FUGA-BT cements role for gemcitabine plus S-1 in advanced biliary tract cancer
29 Oct 2019
bởiJairia Dela Cruz
The combination of gemcitabine plus S-1 (GS) is as good as gemcitabine plus cisplatin (GC), the current standard treatment for advanced biliary tract cancer (BTC), according to data from the phase III FUGA-BT trial (JCOG1113). However, the former does not require concomitant hydration therapy and should be considered a new treatment option for patients with advanced or recurrent BTC.
“Our study is the first to provide positive results for BTC since the ABC-02 trial. [The results demonstrate] GS to be noninferior to GC and revealed additional benefits in measures such as overall survival (OS), progression-free survival (PFS) and clinically significant adverse events (AEs),” the investigators said.
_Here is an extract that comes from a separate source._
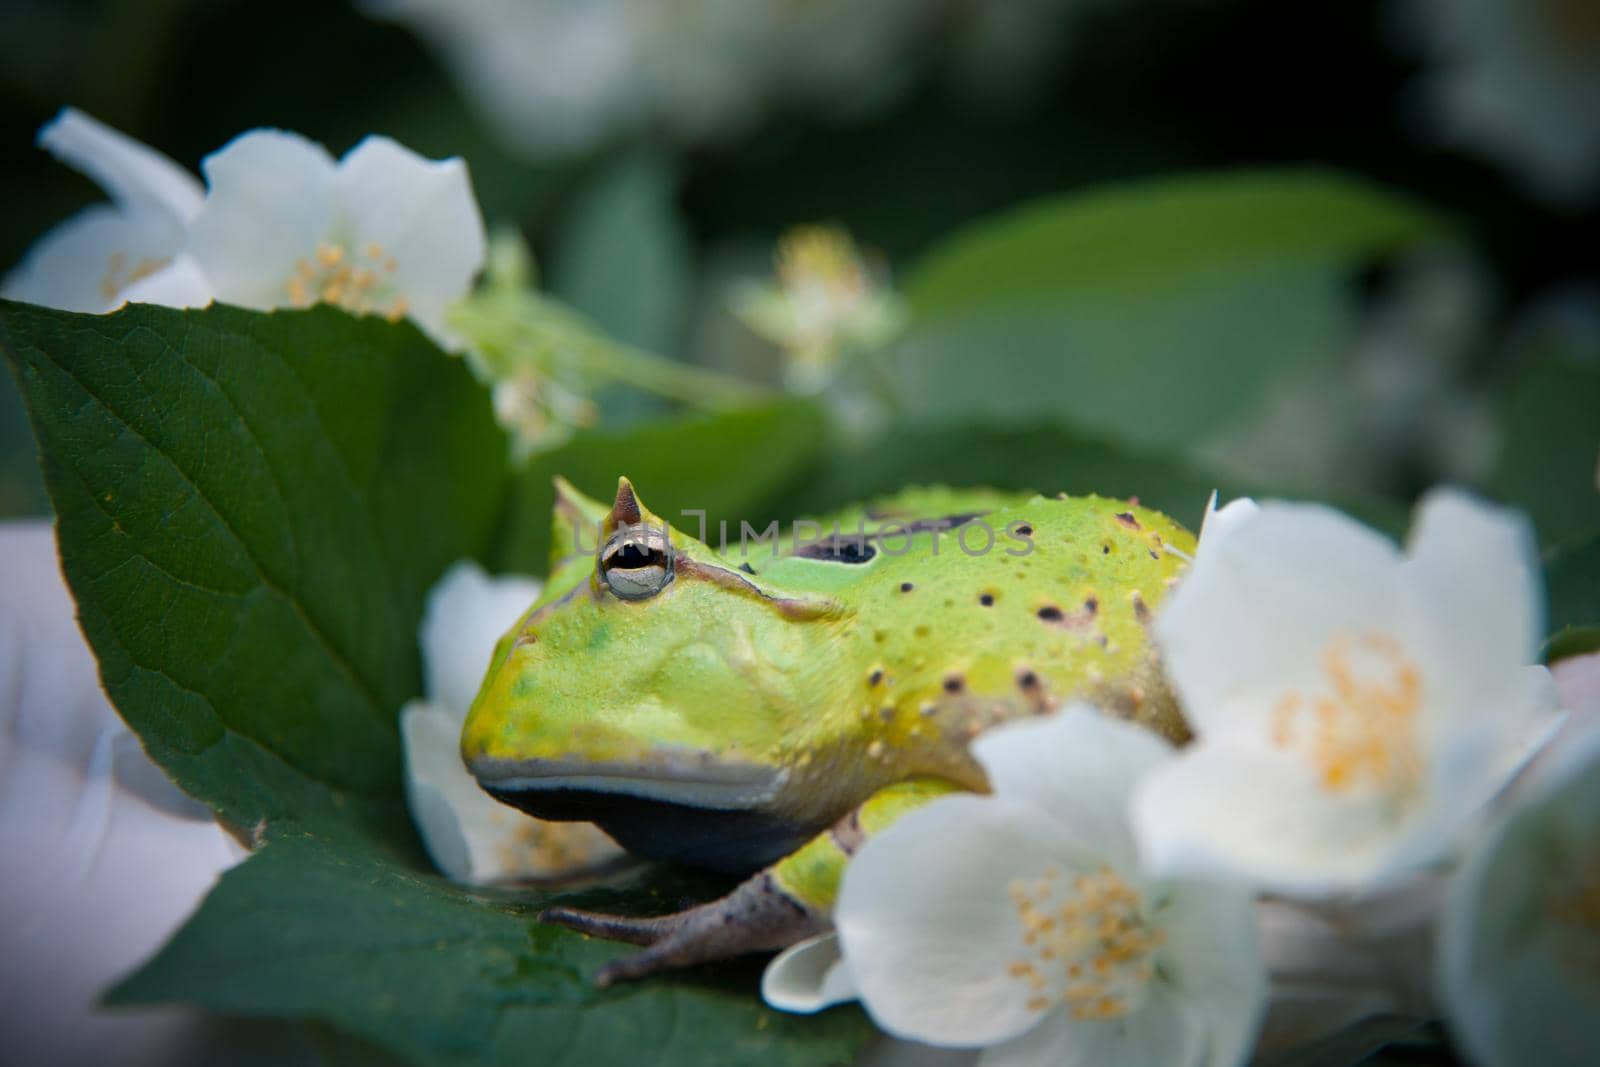 The Surinam horned frog with philadelphus flower bush by RosaJay

FUGA-BT randomized 354 patients to receive either GS (n=179) or GC (n=175). There was no significant between-group difference observed in the primary endpoint of OS (median, 15.1 vs 13.4 months, respectively; hazard ratio [HR], 0.945, 90 percent CI, 0.78–1.15; p=0.046 for noninferiority). [Ann Oncol 2019;doi:10.1093/annonc/mdz402]
Results for the secondary outcomes were similar. Specifically, the median PFS was 6.8 months with GS vs 5.8 months with GC (HR, 0.86, 0.70–1.07), while the response rates were 29.8 percent and 32.4 percent, respectively.
Both treatment regimens were generally well-tolerated. Clinically significant AEs were relatively fewer in the GS arm (29.9 percent vs 35.1 percent). Higher grade anaemia and thrombocytopaenia, as well as all-grade peripheral sensory neuropathy, were more common in GC. On the other hand, higher grade and all-grade oral mucositis and rash maculopapular, as well as all-grade diarrhoea and skin hyperpigmentation, occurred more frequently in GS.
“Considering the above, GS may be more appropriate for certain patients, such as those with low haemoglobin/platelet count levels, those with peripheral sensory neuropathy, those not amenable to time-consuming drip infusions, and those with locally advanced cancer,” the investigators noted.
“Conversely, patients with poor oral medication management, as well as those fearing GS-related AEs such as oral mucositis and rash maculopapular, diarrhoea, and skin hyperpigmentation, should proactively select for GC,” they added.
Patients in the GC arm received gemcitabine (1,000 mg/m2) and cisplatin (25 mg/m2) infusion on days 1 and 8 every 3 weeks. Those in the GS arm, on the other hand, gemcitabine (1,000 mg/m2) infusion on days 1 and 8. S-1 was administered orally twice daily (60 mg/day for a body surface area [BSA] <1.25 m2, 80 mg/day for a BSA between 1.25 and 1.50 m2, and 100 mg/day for a BSA ≥1.50 m2).
“In ABC-02, GC therapy was repeated for up to 24 weeks and treatment was discontinued. In [the current] study, after 16 administrations (equivalent of 24 weeks), cisplatin was discontinued, but gemcitabine monotherapy was continued,” the investigators explained. [N Engl J Med 2010;362:1273-1281]
“The median PFS of GC was shorter than that of ABC-02. Tumour response was assessed every 12 weeks in ABC-02, and every 6 weeks in this study, and this discrepancy may have had some effect on PFS,” they added.
The key takeaway from FUGA-BT is that GS can be considered a new standard treatment option, according to the investigators. “However, rather than replacing GC, patients can view GS as an additional option, because both regimens had more suitable situations than each other.”